Comprehensive Income
(p) Comprehensive Income

Comprehensive income is defined as all changes in equity, except for those resulting from transactions with stockholders. Net income is a component of comprehensive income, with all other components referred to in the aggregate as other comprehensive income.

Cash Flows
(q) Cash Flows

For purposes of reporting cash flows, cash and cash equivalents include cash on hand, amounts due from banks and federal funds sold. Generally, federal funds sold are on an overnight basis.

Recently Issued Accounting Pronouncements
(r) Recently Issued Accounting Pronouncements

ASU 2011-05, Comprehensive Income (Topic 220): Presentation of Comprehensive Income (ASU 2011-05), is effective for fiscal years, and interim periods within those years, beginning after December 15, 2011. ASU 2011-05 eliminates the option in GAAP to present other comprehensive income in our consolidated statements of changes in stockholders’ equity (deficit).
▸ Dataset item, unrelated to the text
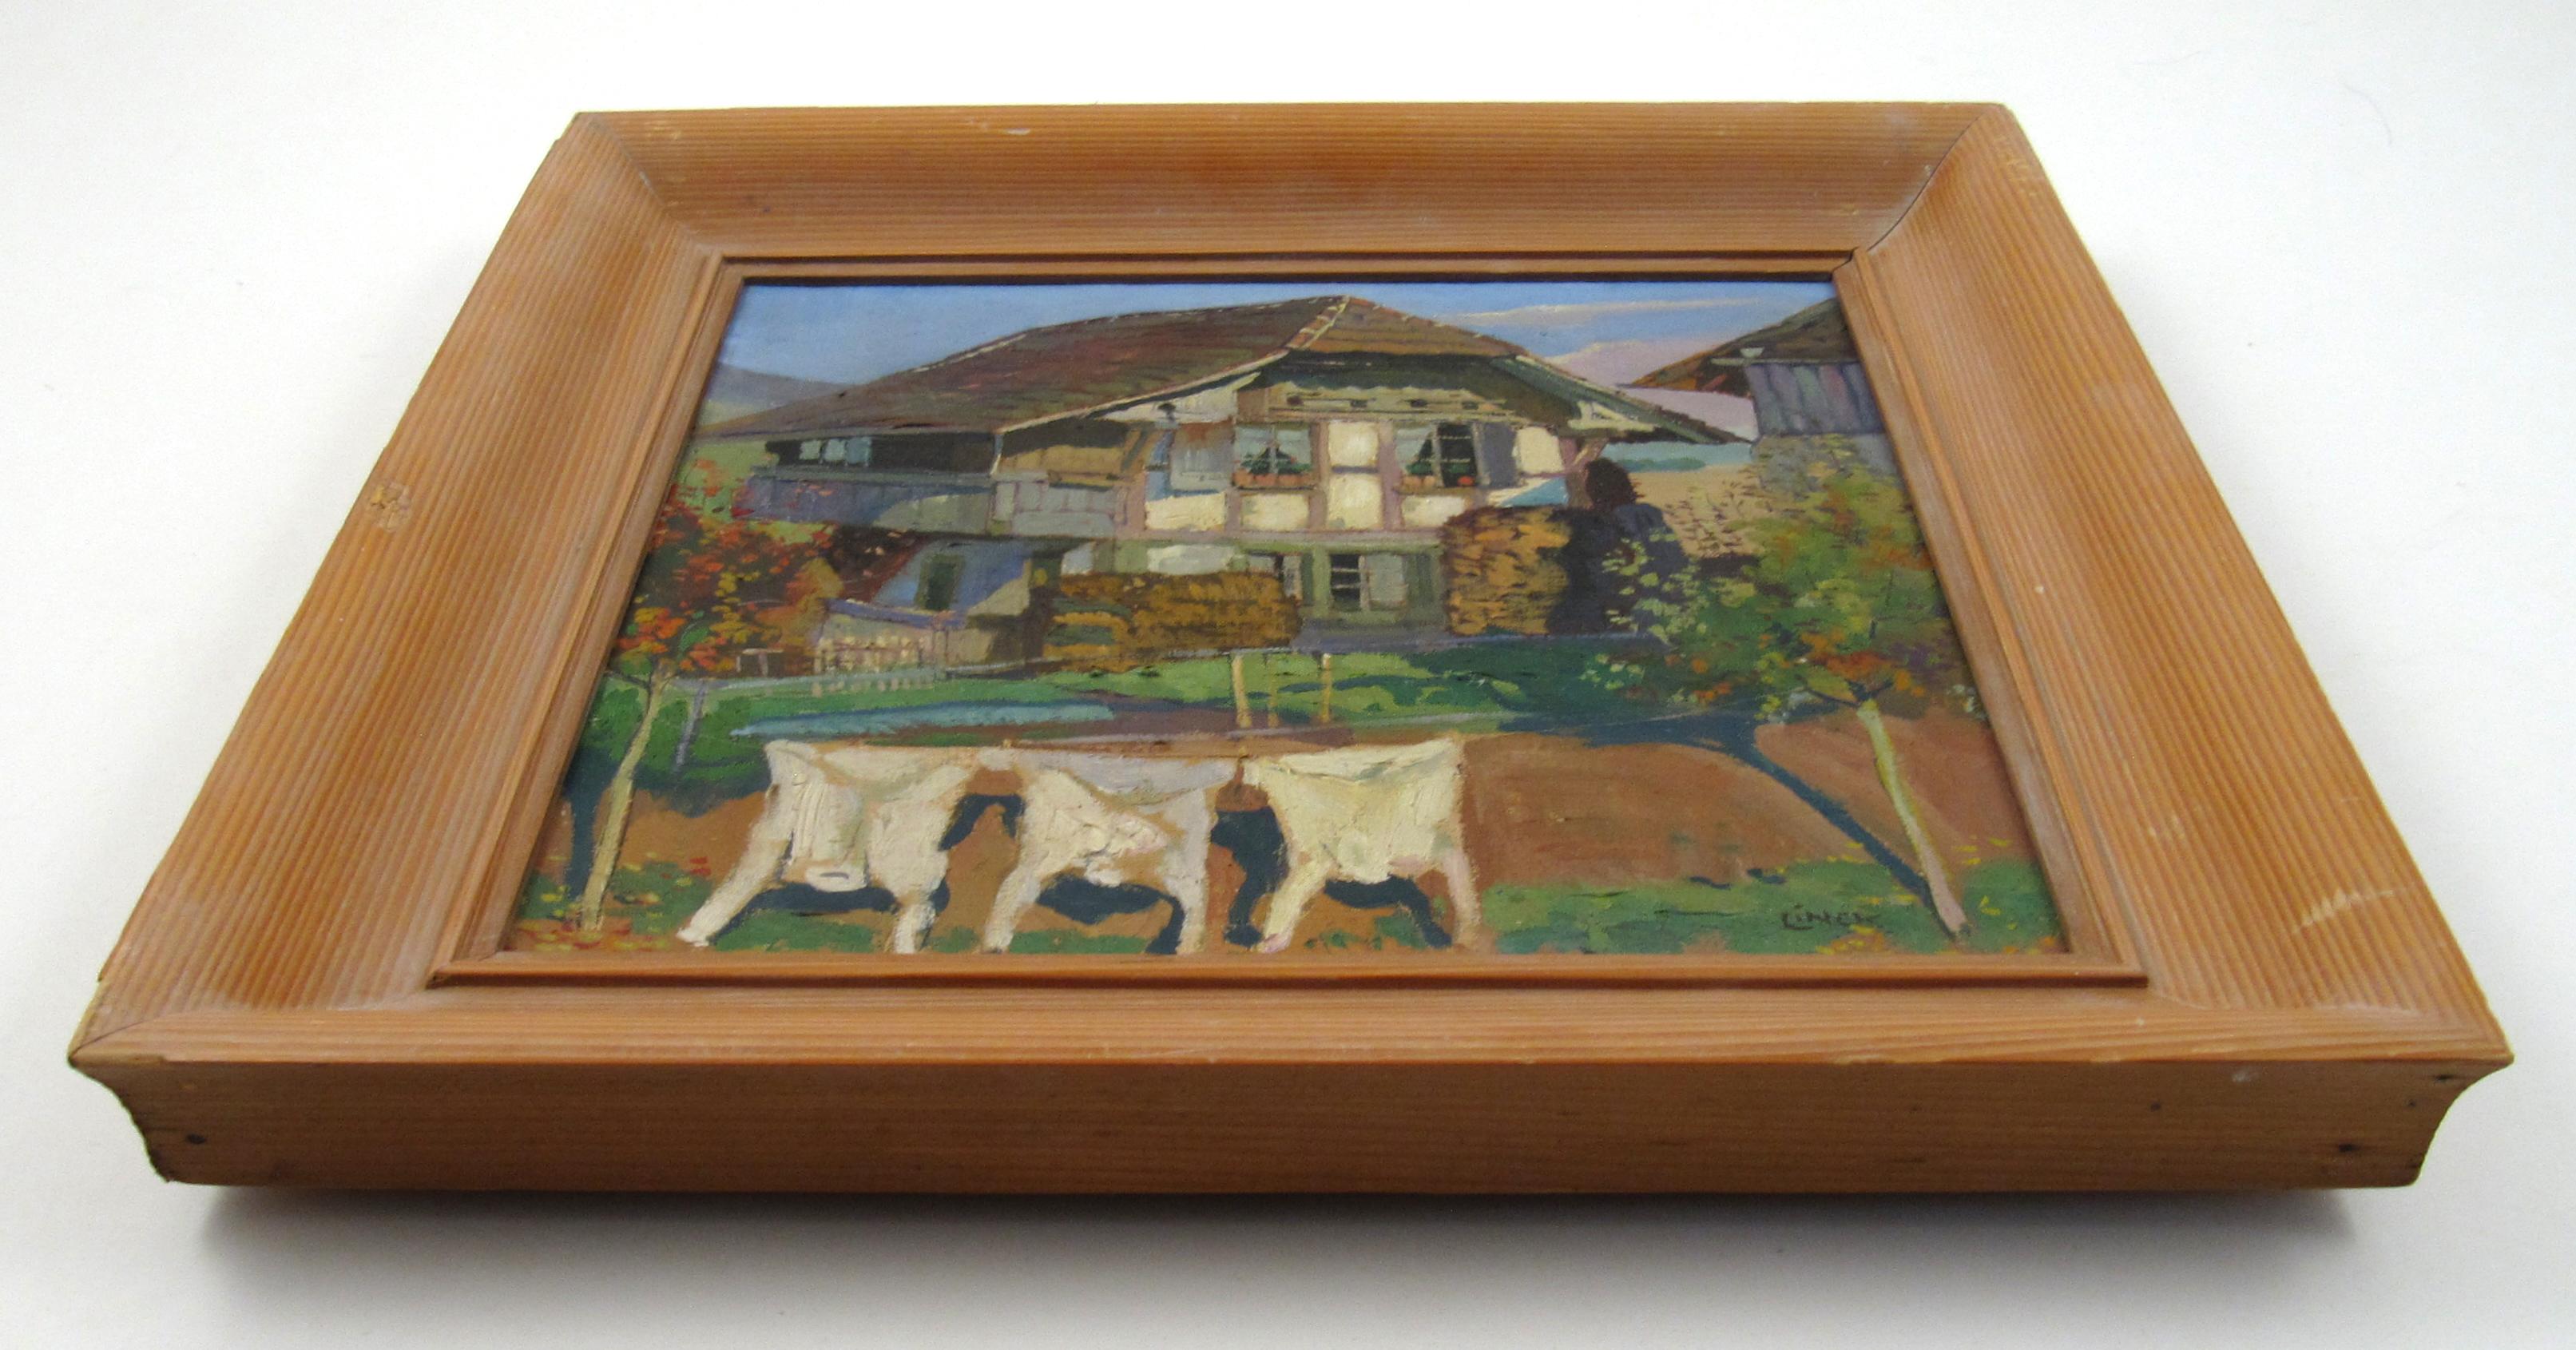 Ernst LINCK (1874 - 1935) Farmhouse with Clothesline School of Berne Switzerland - Post-Impressionist Painting by Ernst Linck
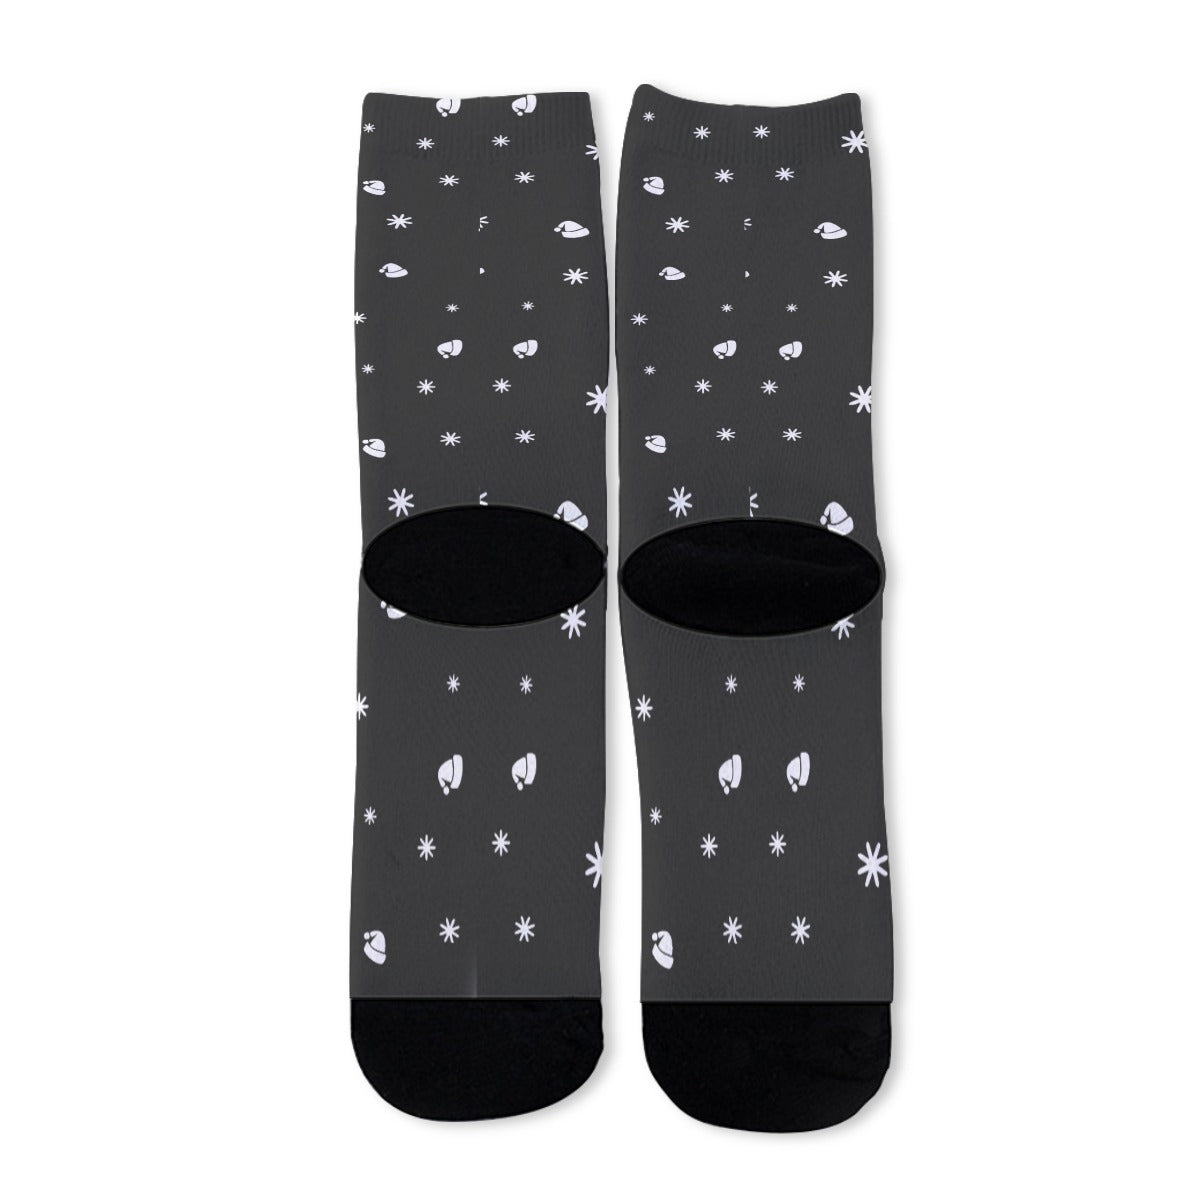 Unisex Long Socks - Black - Hats and Snowflakes - Festive Style

ASU 2011-05 requires that non-owner changes in stockholders’ equity be presented either in a single continuous statement of comprehensive income or in two separate but consecutive statements. The provisions of ASU 2011-05 were applied retrospectively and were effective for fiscal years and interim periods beginning in the first quarter of fiscal 2013. We elected to present comprehensive income in a separate financial statement, our consolidated statements of comprehensive income. The adoption of ASU 2011-05 did not have a material impact on our consolidated financial statements.

ASU 2013-02, Comprehensive Income (Topic 220): Reporting of Amounts Reclassified Out of Accumulated Other Comprehensive Income (ASU 2013-02), is effective prospectively for annual reporting periods beginning after December 15, 2012 and interim periods within those years. ASU 2013-02 requires entities to disclose: (1) for items reclassified out of accumulated other comprehensive income and into net income for their entirety, the effect of the reclassification on each affected net income line item and (2) for accumulated other comprehensive income reclassification items that are not reclassified in their entirety into net income, a cross reference to other required GAAP disclosures. We expect to adopt ASU 2013-02 in the first quarter of fiscal 2014. We do not expect the adoption of ASU 2013-02 to have a material impact on our consolidated financial statements.

We do not expect any other recently issued, but not yet effective, accounting pronouncements to have a material impact on our consolidated financial statements.